4. Analysis of Results

4.1. Summary statistics and correlation matrix
The descriptive statistics for all the variables are presented in Panel A of Table 1. The results indicate that the global Sukuk and GCC bonds have the highest mean returns, whereas the global bond has the lowest mean return and the highest volatility (measured by standard deviation) in the sample period. This result suggests that, on average, global Sukuk and GCC bonds outperform other assets. On the other hand, the global bond exhibits maximum one-day returns (2.94%) and minimum one-day losses (-4.65%). Our risk-adjusted returns, based on the Sharpe ratio, indicate that Islamic bonds (both global and GCC) reveal the highest Sharpe ratio, suggesting that Islamic bonds outperform conventional bonds (both global and GCC). This result is supported by some recent studies, such as Al-Yahyaee et al. (2020), Sherif (2020), Mirza et al. (2022), and Ashraf et al. (2022). However, negative skewness and high kurtosis values are observed for all the selected assets, indicating that the return series is symmetric with heavy fat tails or outliers. The Jarque-Bera statistic is rejected at the 1% level of significance, highlighting that the return series are abnormally distributed for all the chosen assets.
Stationarity issues are a serious problem in time series data. However, several methods are introduced to test the stationarity of financial data. The return series stationarity is tested with the augmented Dickey-Fuller (ADF) test (Dickey & Fuller, 1979) and Phillips-Perron (PP) test (Phillips & Perron, 1988). Although there are several tests for stationarity, we have used ADF and PP tests as they have some benefits compared to other tests, particularly in capturing the residuals' autocorrelation issues (Hasan et al., 2022c). The results suggest that there are no stationarity issues in the return series for all the assets in the sample period. The results of the unconditional correlation are reported in Panel B of Table 1. The correlation matrix's results suggest that all the variables, whether Islamic or conventional, are strongly and positively correlated with each other during our sample period. These findings imply that there is no diversification opportunity among the variables, as all the assets are strongly correlated.

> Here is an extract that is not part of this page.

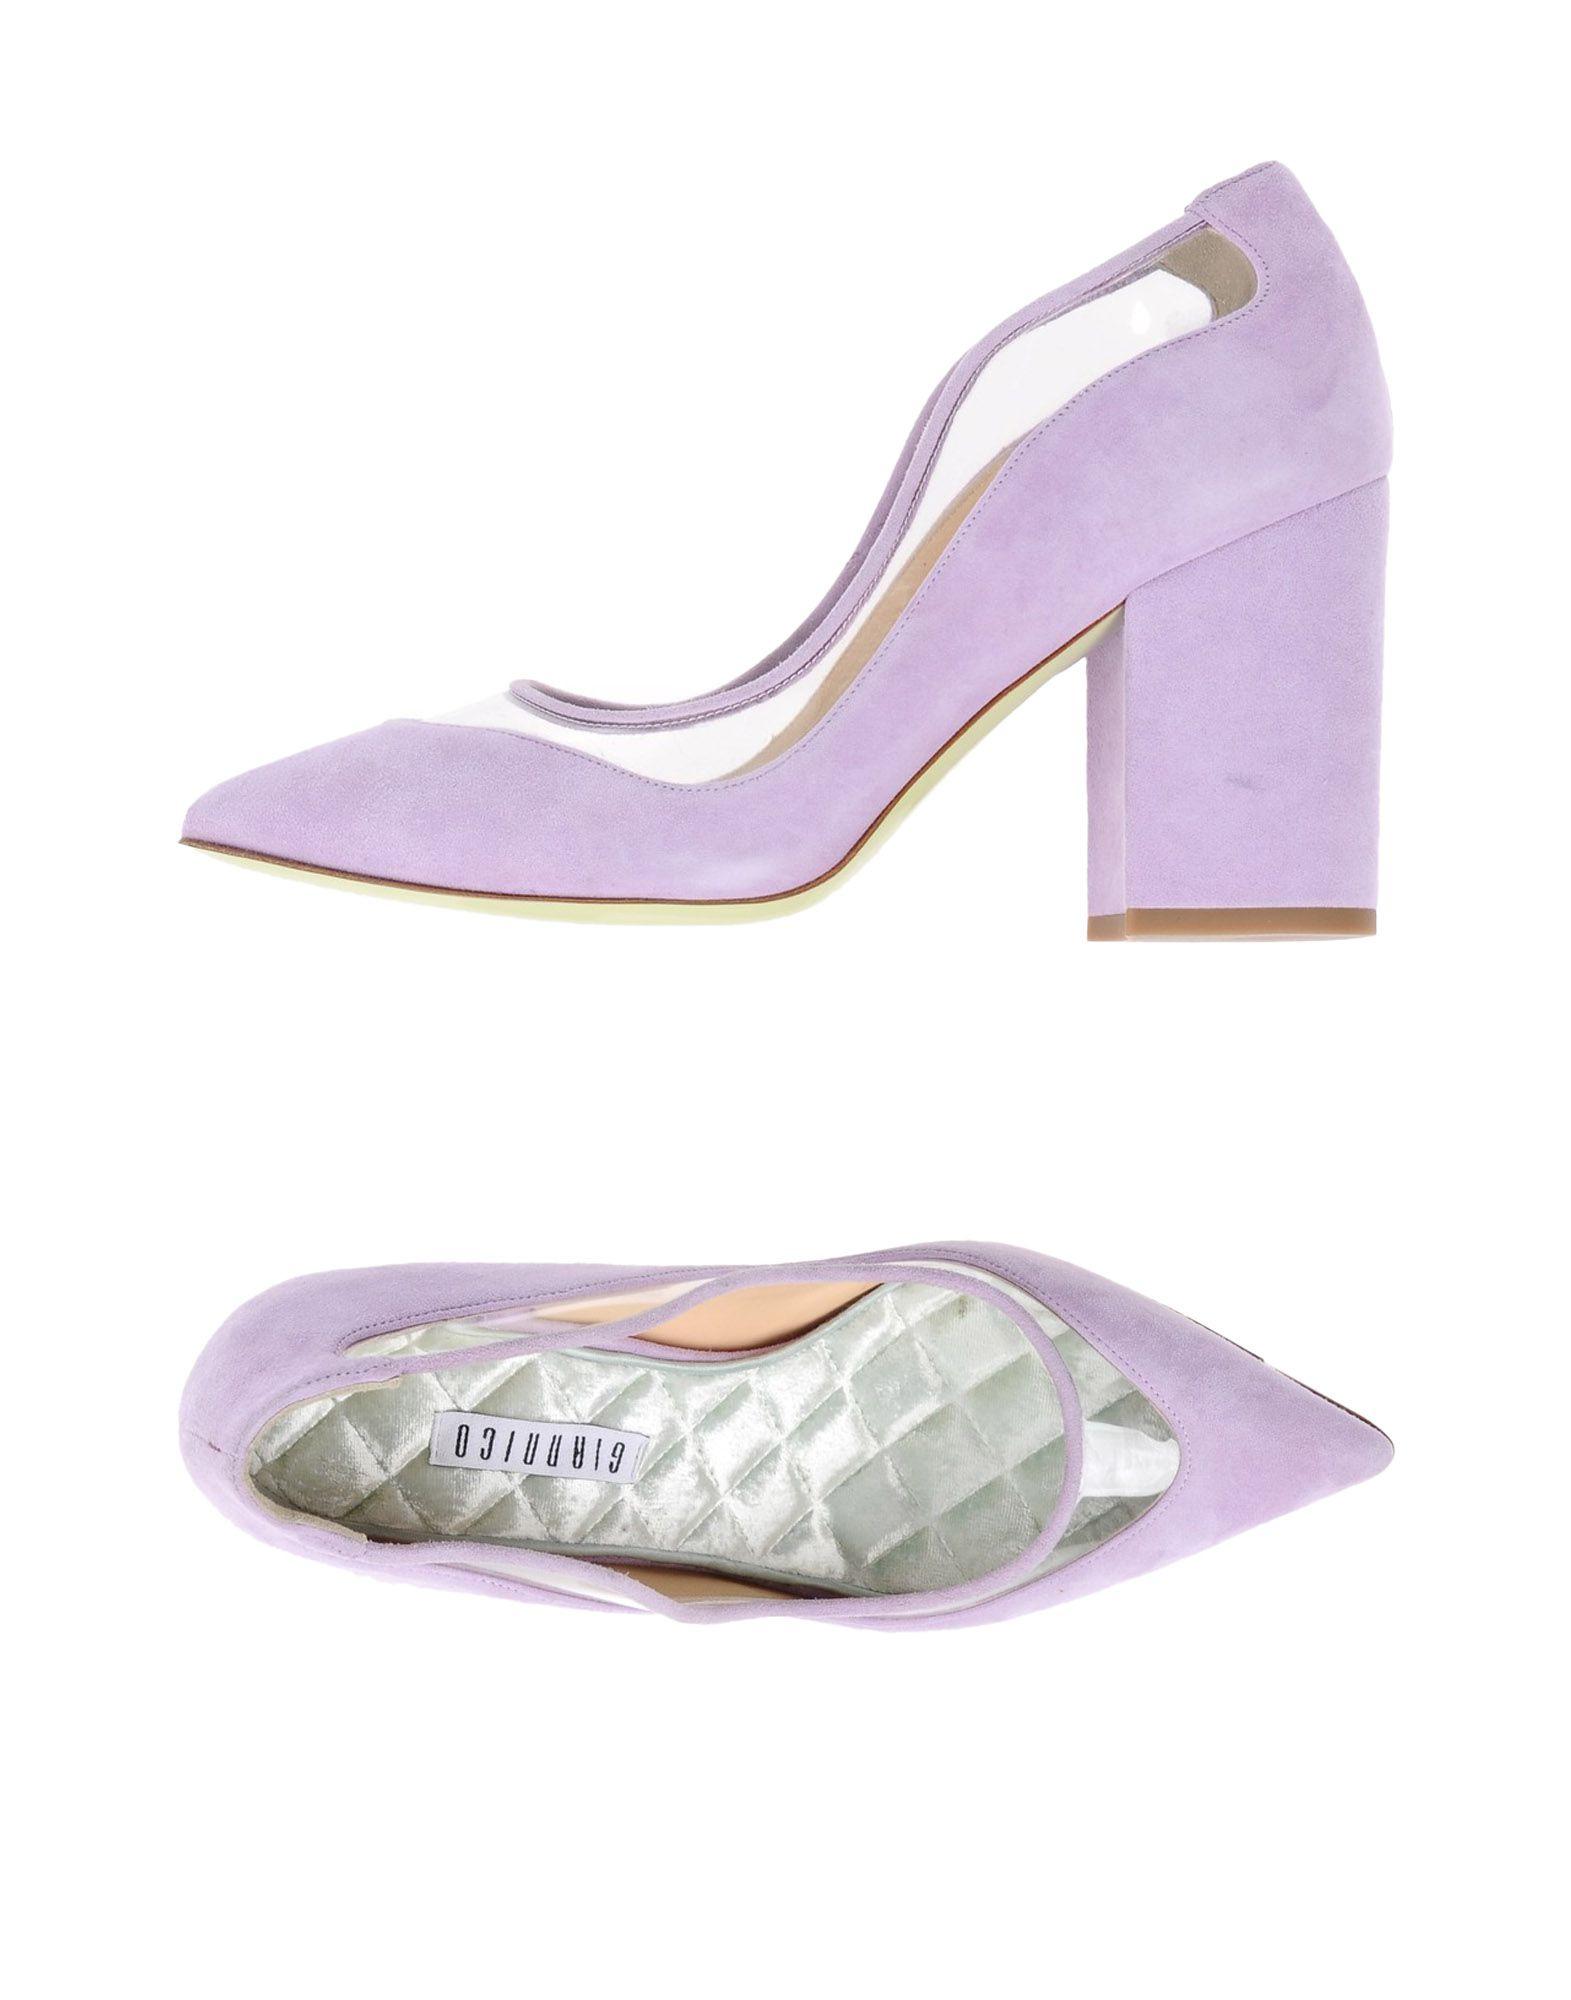 Haltbare Mode billige Schuhe Giannico Pumps Damen  11338399TH Heiße Schuhe

4.2. Ordinary least square analysis
Table 2 shows the results of the OLS estimations during the whole study period. The relationship between the global bond and the global Sukuk is positive and significant. This result indicates that an increase in the returns of the global bond increases the returns of global Sukuk, and vice versa. In this case, there is no hedging or diversification opportunity between the global bond and global Sukuk, highlighting that these two assets might be equally impacted by any financial and economic crises, such as the COVID-19 crisis. On the other hand, the
association between the GCC bond and the GCC Sukuk is positive and statistically significant, implying that GCC Sukuk doesn't serve as a hedging or diversification opportunity for GCC bonds. The Durbin-Watson (DW) test statistic results indicate that the OLS estimations are free from autocorrelation problems in the datasets, as the values of DW are greater than 2.

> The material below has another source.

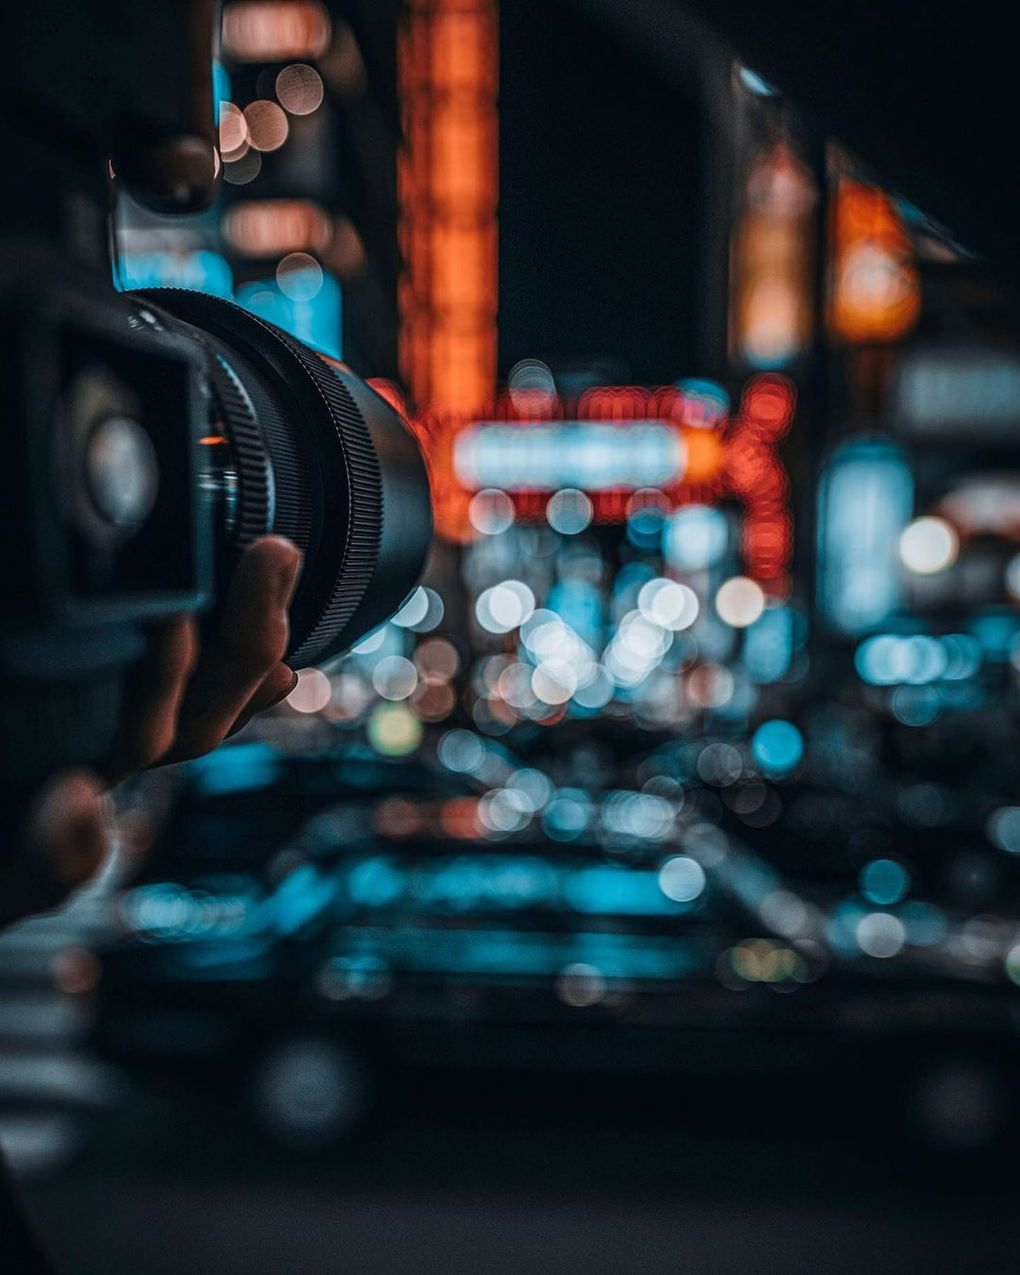 jungraphy 61846316 123019872248986 7363352877965238708 n - 25 работ фотографа из Токио, которые погрузят вас в магическую атмосферу ночных японских улиц

4.3. DCC-GJR-GARCH (1, 1) estimations
Furthermore, we use Engle's (2002) dynamic conditional correlation (DCC) approach in combination with the GJR-GARCH method of Glosten et al. (1993) to capture the asymmetric time-varying dependency between Islamic and conventional bonds. Figure 2 depicts the DCC plots for the variables during our sample period. We find a consistently positive correlation between GCC bonds and GCC Sukuk throughout the entire sample period, suggesting that there is no hedging or safe-haven ability between the variables. The probable reason for these outcomes is that the economies of the GCC countries are profoundly reliant on the global oil market, which has recently experienced significant fluctuations due to the Russia-OPEC price war and the trade war between the US and China (Sharif et al., 2020). The COVID-19 pandemic caused the oil price crisis to worsen, which threw the GCC nations' financial markets into chaos. This notion is further supported by Hassan et al. (2022a).
On the other hand, we observe a mixed relationship between GCC bonds and Global bonds. For example, there is a positive correlation across most of the study period, whereas we notice a negative association in around 450 and 1000 observations. The period of these observations might correspond to late 2014 and 2016. This result implies that there is a diversification opportunity between GCC bonds and Global bonds in the late 2014 and 2016 sample period. The same phenomenon (e.g., negative relations) is further evidenced during the observations from 1600 to 1900 (corresponding to late 2019 to late 2020), which are considered as the COVID-19 pandemic periods, suggesting that there is a hedging or diversification opportunity between these variables.
We further find that the relationship between Global bonds and Global Sukuk is positive throughout the entire sample period (except in observation 1000), reflecting the non-existence of diversification opportunities. On the other hand, when we examine the connectedness between Global Sukuk and GCC Sukuk, we find that the association is positive, up to 800 observations. Then, this relation turns negative, offering the diversification benefit between Global Sukuk and GCC Sukuk. Overall, our results suggest that the Islamic and conventional bond pairs can be utilized as a hedge and safe-haven tools, depending on the time period, which is partially in line with Hasan et al. (2022a). Investors can review our findings and create several trading strategies to diversify their portfolio risk. Policymakers can also make better decisions using our findings. Since most of the variables' relations are positive, they have a high chance of being equally affected by any crisis. Therefore, policymakers should be aware of the crisis when making policy decisions.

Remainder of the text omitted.